Hello! I hope everyone had a Merry Christmas and were able to enjoy time with your families (and good food too)! I obviously took last week off, but I’m here now and trying to get back into my normal routine. Which really isn’t much different since I’m always baking, but at least I probably won’t be going through as many pounds of sugar and sticks of butter in a week.
I think I’ve professed my love of bread before, but in case I haven’t, I ♥love♥ bread. I think if I was told I couldn’t eat bread, I might just die. There is nothing better than a warm slice of bread, slathered in butter. . . total heaven!!
I bookmarked this no-knead crusty artisan bread a long time ago and finally got around to making it a few weeks ago. It’s a shame it took me so long because this bread is freaking delicious and will knock your socks off, honestly it will. I’ve made it about four more times since and am amazed every time at how stinking scrumptious it is. Wanna know the best part? It’s so easy it kind of embarrassing. You’ve got to trust me on this one, it’s easy, easy, peasy! Even if you have a fear of yeast breads and think you can’t make them, you’ve got to try this, anyone can make it.
I’m pretty sure something magical happens to this bread while it bakes. I’m also warning you that it’s so addicting, especially warm and fresh out of the oven. I think I inhaled half the loaf the first time I made it. It’s so simple to make and requires only 4 ingredients. You do need to plan ahead because the dough has to set at room temperature for 8-24 hours, but it’s completely worth the wait.
It’s so easy, in a large bowl, stir together your flour, salt and yeast. Pour in warm water and gently stir just until combined. The dough will look “shaggy.” Don’t over-work the dough. Then cover the bowl tightly with plastic wrap and let it sit anywhere between 8-24 hours at room temperature. You want it to rise and “bubble” to the surface.
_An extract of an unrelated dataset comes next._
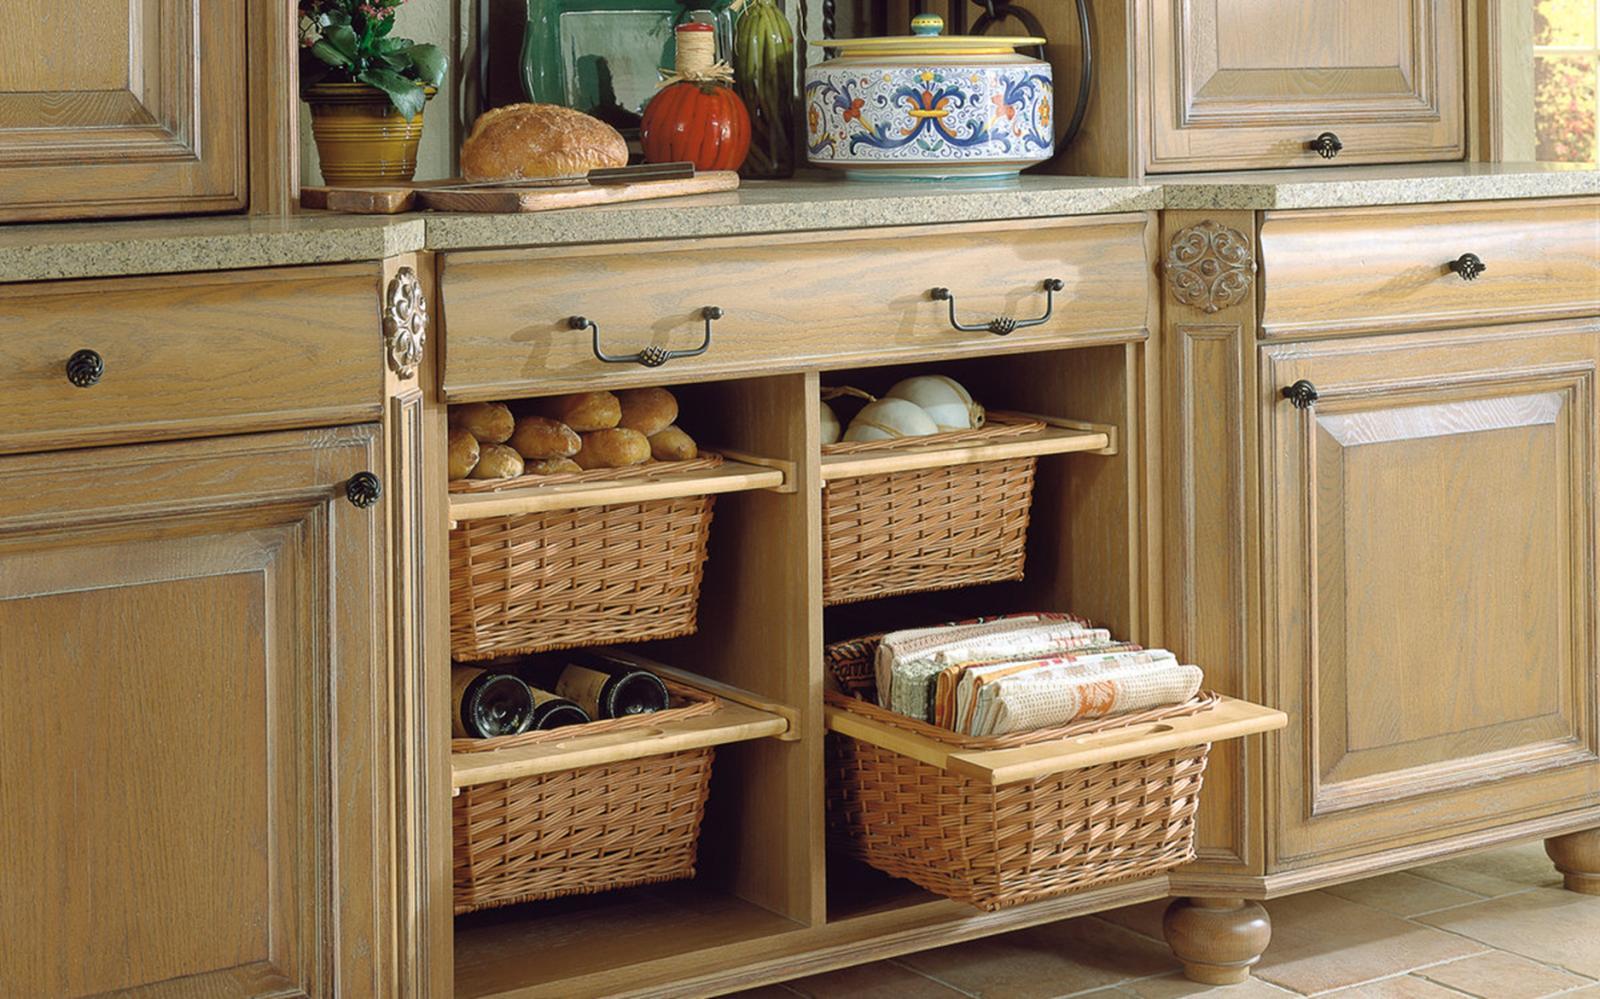 Плетеные корзины в кухонном интерьере

I’ve let mine rise anywhere from 8 hours to 20 hours and to be honest, I actually liked it better for some reason when I let it rise the shorter time (8 hours). (SORRY, I FORGOT TO TAKE PICTURES OF THIS STAGE OF THE BREAD MAKING!)
Once it’s risen, plop your dough out onto a well-floured surface. It will be sticky, so flour your hands really well and form it into a round ball. Cover it loosely with plastic wrap while your Dutch oven preheats.
Carefully remove your Dutch oven from the oven, and carefully place your dough in and cover it with the lid. Place the pan back into the oven for 30 minutes.
Now remove the lid and be amazed at what you see (it’s beautiful!). Put it back in the oven, uncovered and bake an additional 7-15 minutes. The uncovered baking time will depend on your oven. Mine needed about 8-9 minutes to turn that deep golden brown. Watch it carefully.Print
- 3 cups all-purpose flour
- 2 tsp. kosher salt
- 1/2 tsp. dry yeast
- 1 1/2 cups lukewarm water
- In a large bowl, stir together the flour, salt and yeast. Add the water and stir using a wooden spoon until a “shaggy” mixture forms. Don’t over-work the dough.
- Cover bowl tightly with plastic wrap. Let dough sit at room temperature for 8-24 hours*. Dough will bubble up and rise.
- After dough is ready, preheat oven to 450 degrees F. Place your Dutch oven, uncovered, into the preheated oven for 30 minutes.
- While your Dutch oven preheats, turn dough onto a well-floured surface and, with floured hands, form the dough into a ball. Cover dough loosely with plastic wrap and let rest.
- After the 30 minutes are up, carefully remove Dutch oven. With well-floured hands, place the bread dough into it. (If your Dutch oven isn’t enamel coated, you can put a piece of parchment under the dough.)
- Replace lid and bake for 30 minutes covered. Carefully remove lid and bake for 8-15 minutes more, uncovered.
- Carefully remove bread to a cutting board and slice with a bread knife. Try not to devour the entire loaf.